Thursday, May 15, 2014

Bicarbonate extractable soil phosphorus



The procedure for extracting phosphate looks more difficult than that for nitrates :(

OH NO!! Someone took these super helpful videos off of youtube! I can't find any replacements either. Uber sad face!

KCl extractable soil nitrate

Susanna and I are working on writing a protocol to extract ions from soil particles
into a solution that can then be analyzed by the ion chromatograph. This
guy from UCDavisIPO seems to know what he's doing. I am posing this
video for my as well as your benefit.


OH NO!! Someone took these super helpful videos off of youtube! I can't find any replacements either. Uber sad face!

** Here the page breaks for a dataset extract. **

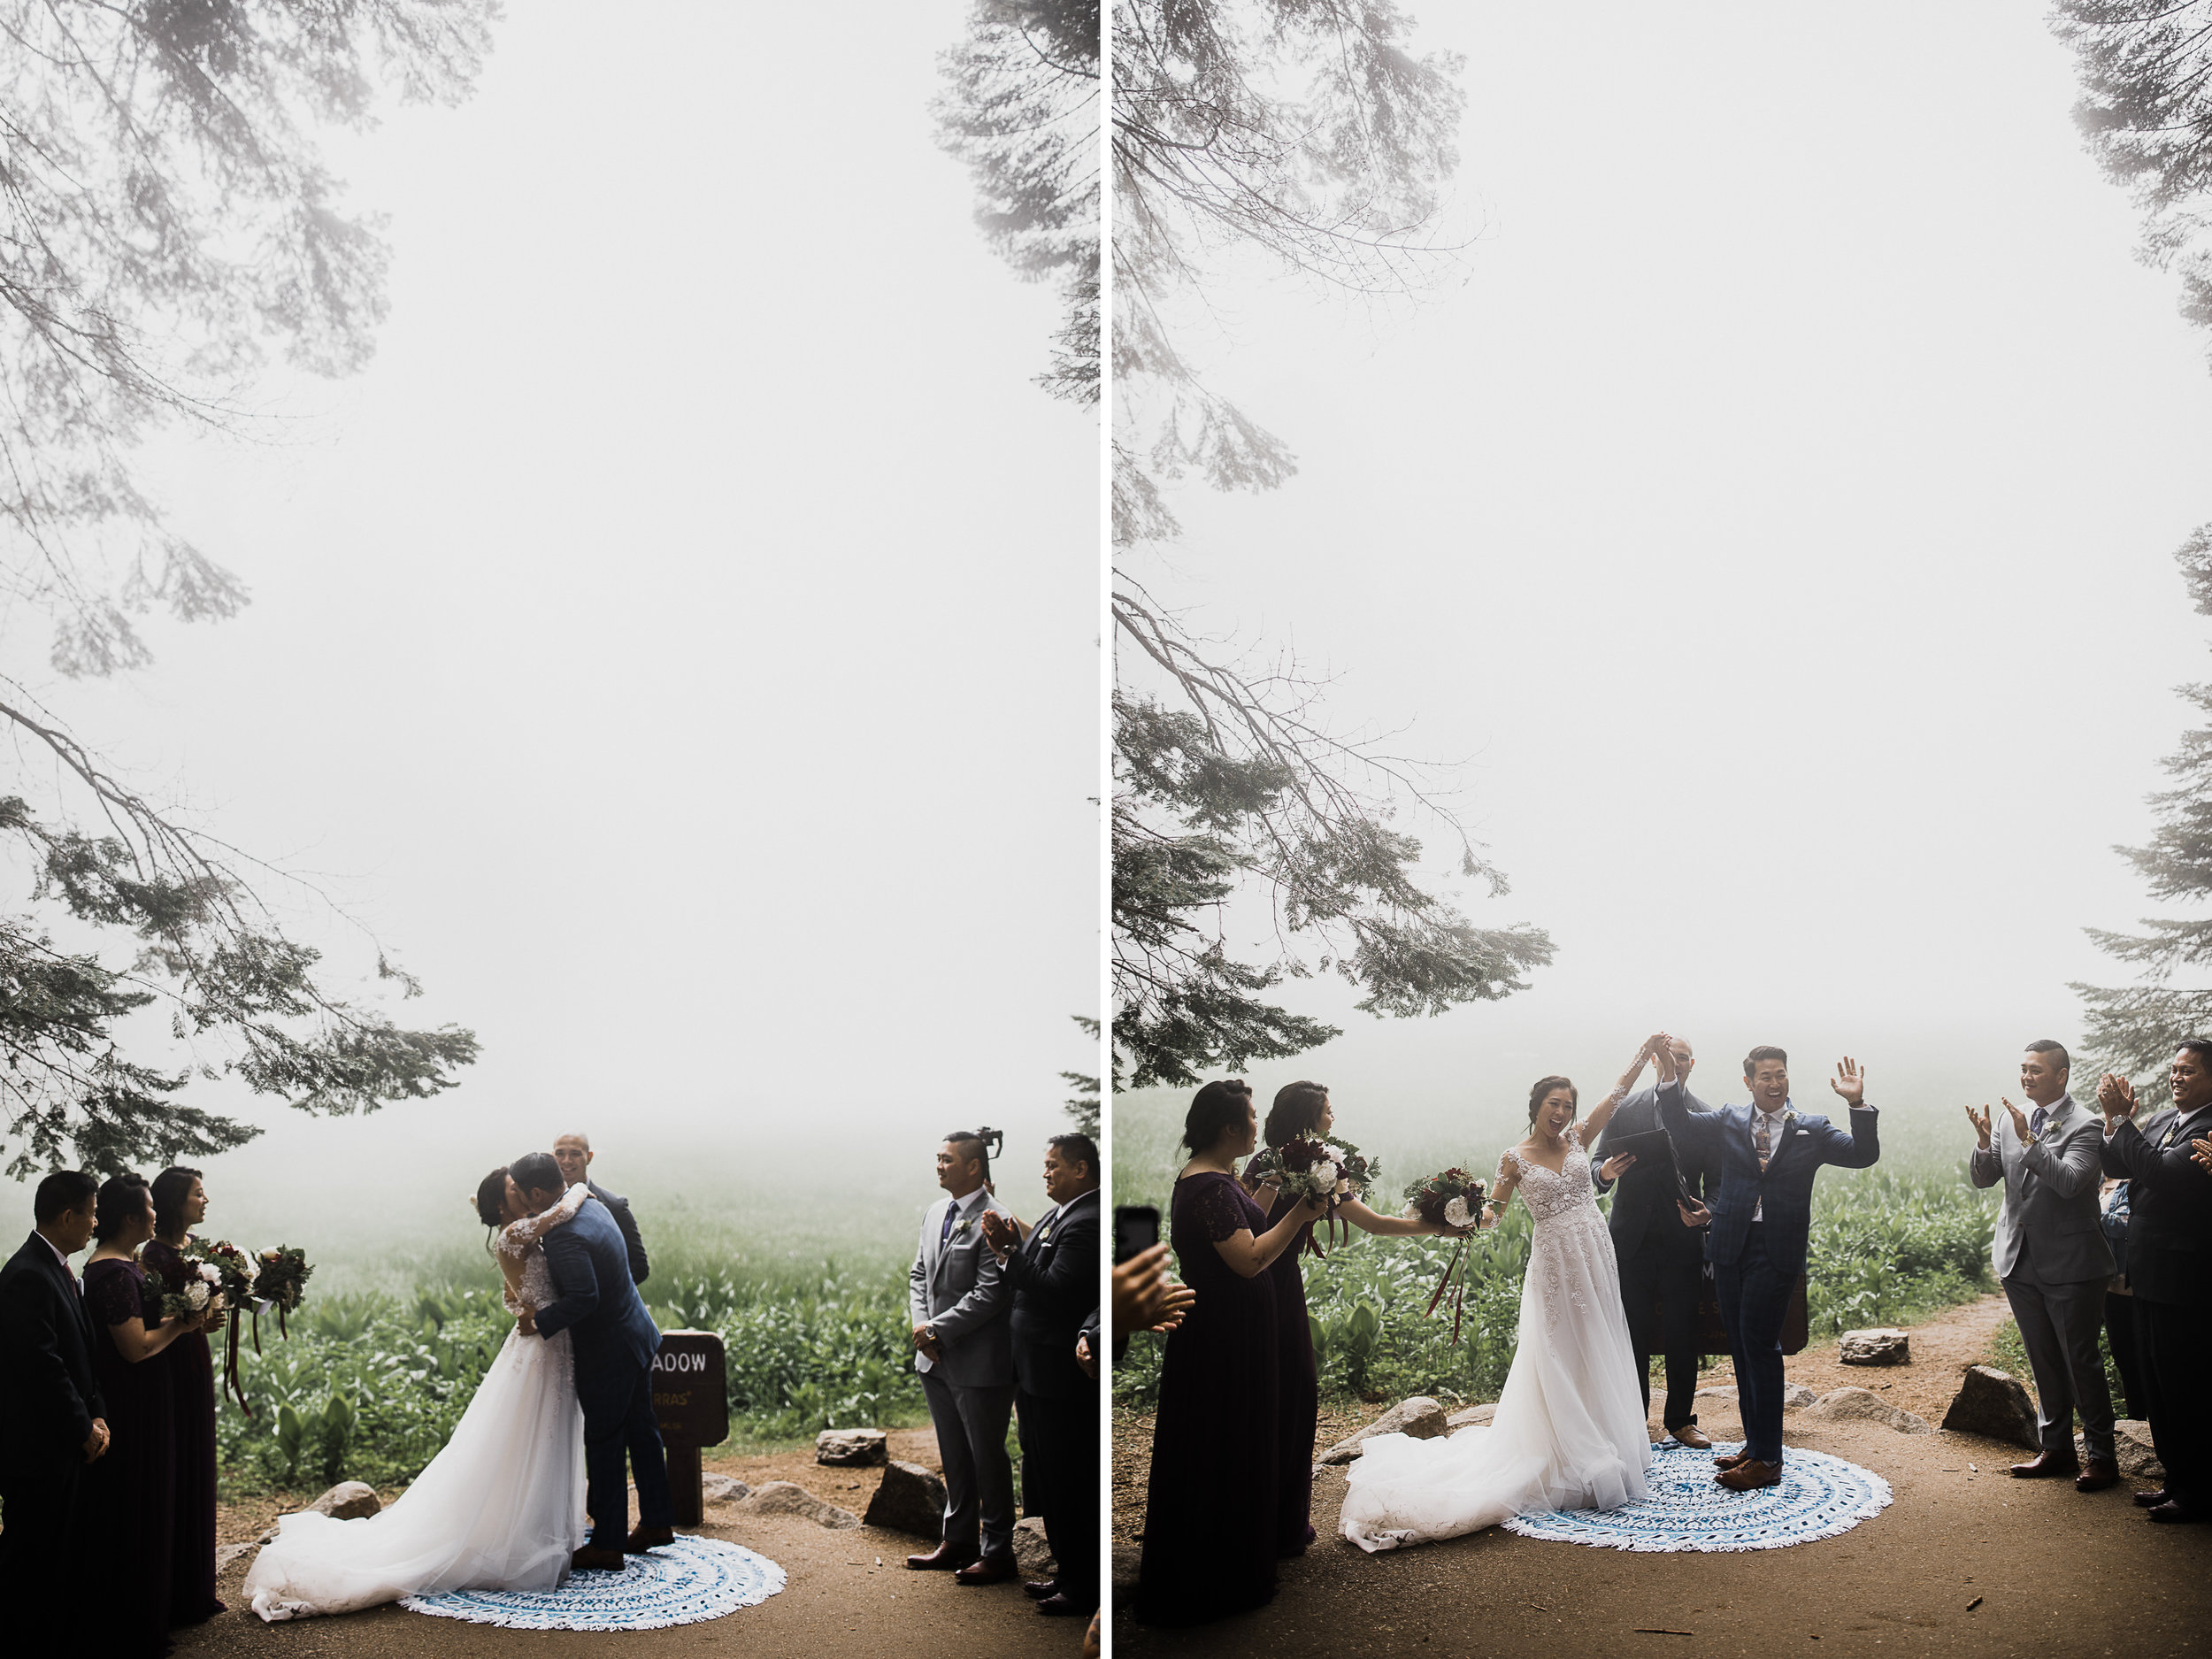 foggy elopement in sequoia national park | destination adventure wedding photographers | the hearnes adventure photography | www.thehearnes.com

This is the Ion Chromatograph:

The Ion Chromatograph.
Welcome to Frustration City, State of Aggravation. Population: 2, Susanna and myself. We have the exciting task of figuring out how to bend the will of this machine to our desires. Susanna, pouring over manuals and guides, and I, sifting through books and surfing the web, are searching for the answers.

Wednesday, May 14, 2014

High-precision Analytical Balance

On my first day, one of my tasks was assembling and calibrating this $7,500 analytical balance. I was so excited. Balances like this are by far my favorite laboratory equipment. It was shipped so neatly packed, as to be expected. It took me over an hour to set up and calibrate it but was completely worth it. This thing is accurate to 1mg. That's 0.001g! Astounding!
$7,500 analytical balance.
Before: crazy.
After: clean.
Also on the first day of the internship, Susanna and I unpacked and organized all of the equipment into the new lab space.

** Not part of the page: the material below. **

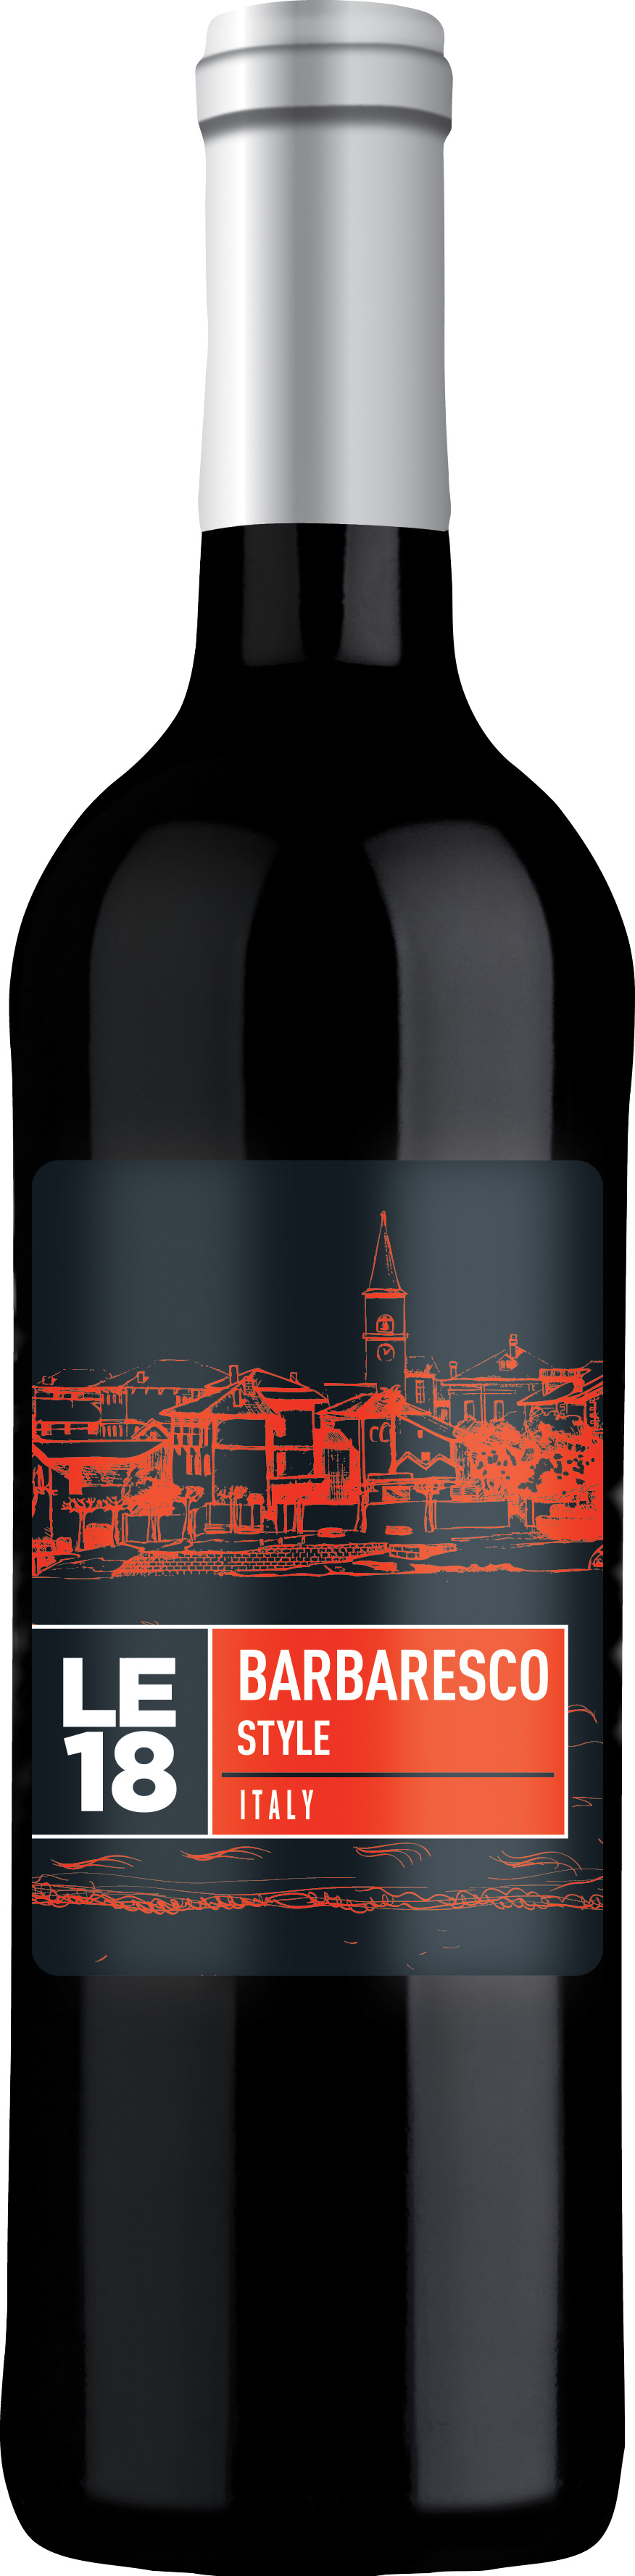 18123 WX_LE18 Barbaresco Bottle.jpg

On the plus side, I was given my own lab workstation to use.

My humble workspace. 

Pre-internship work

The sedum and native prairie plants that we are going to use for our experiment arrived several weeks ago and needed to be planted quite a while before the start of the internship. And so, we planted them in their respective roof garden trays as the experimental design dictated.
Planting the native species in a predetermined random configuration.

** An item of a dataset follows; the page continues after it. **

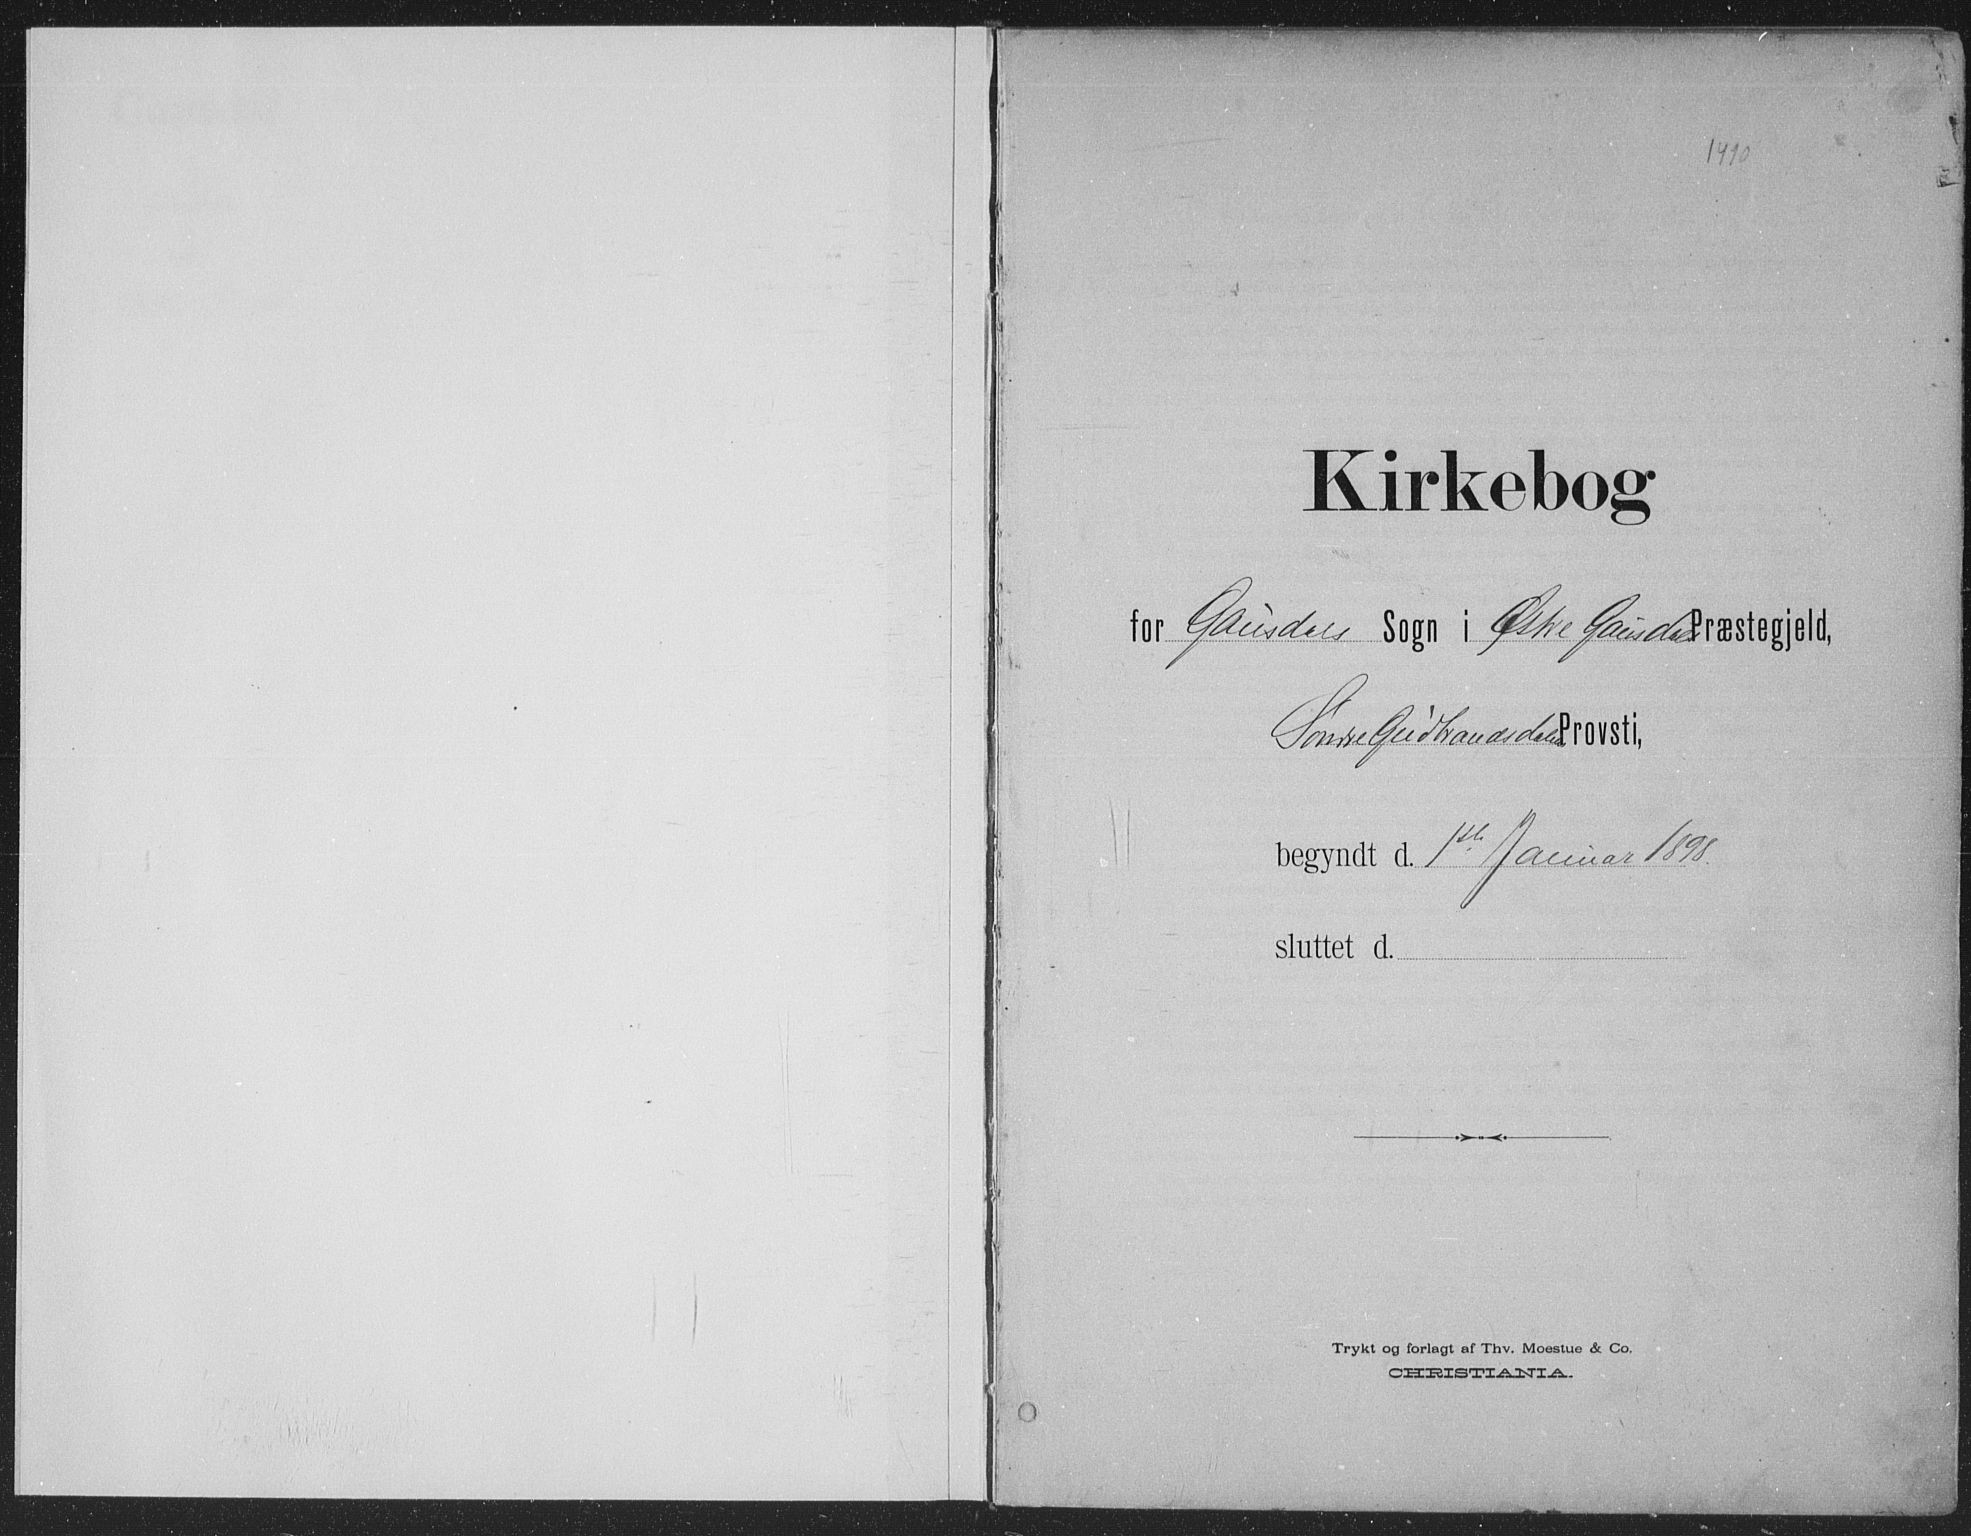 SAH, Østre Gausdal prestekontor, Ministerialbok nr. 4, 1898-1914

Sedum species planted to cover about 80% of the soil.
I proceeded to water the trays until the start of the internship. I felt rather silly watering the empty, control trays, but it was necessary. The experiment, and really every experiment, need to have a control group as a base line to compare with the treatment groups. The empty trays, containing only soil and inoculum, act as our control groups.
Watering the sedum as well as the empty, control trays.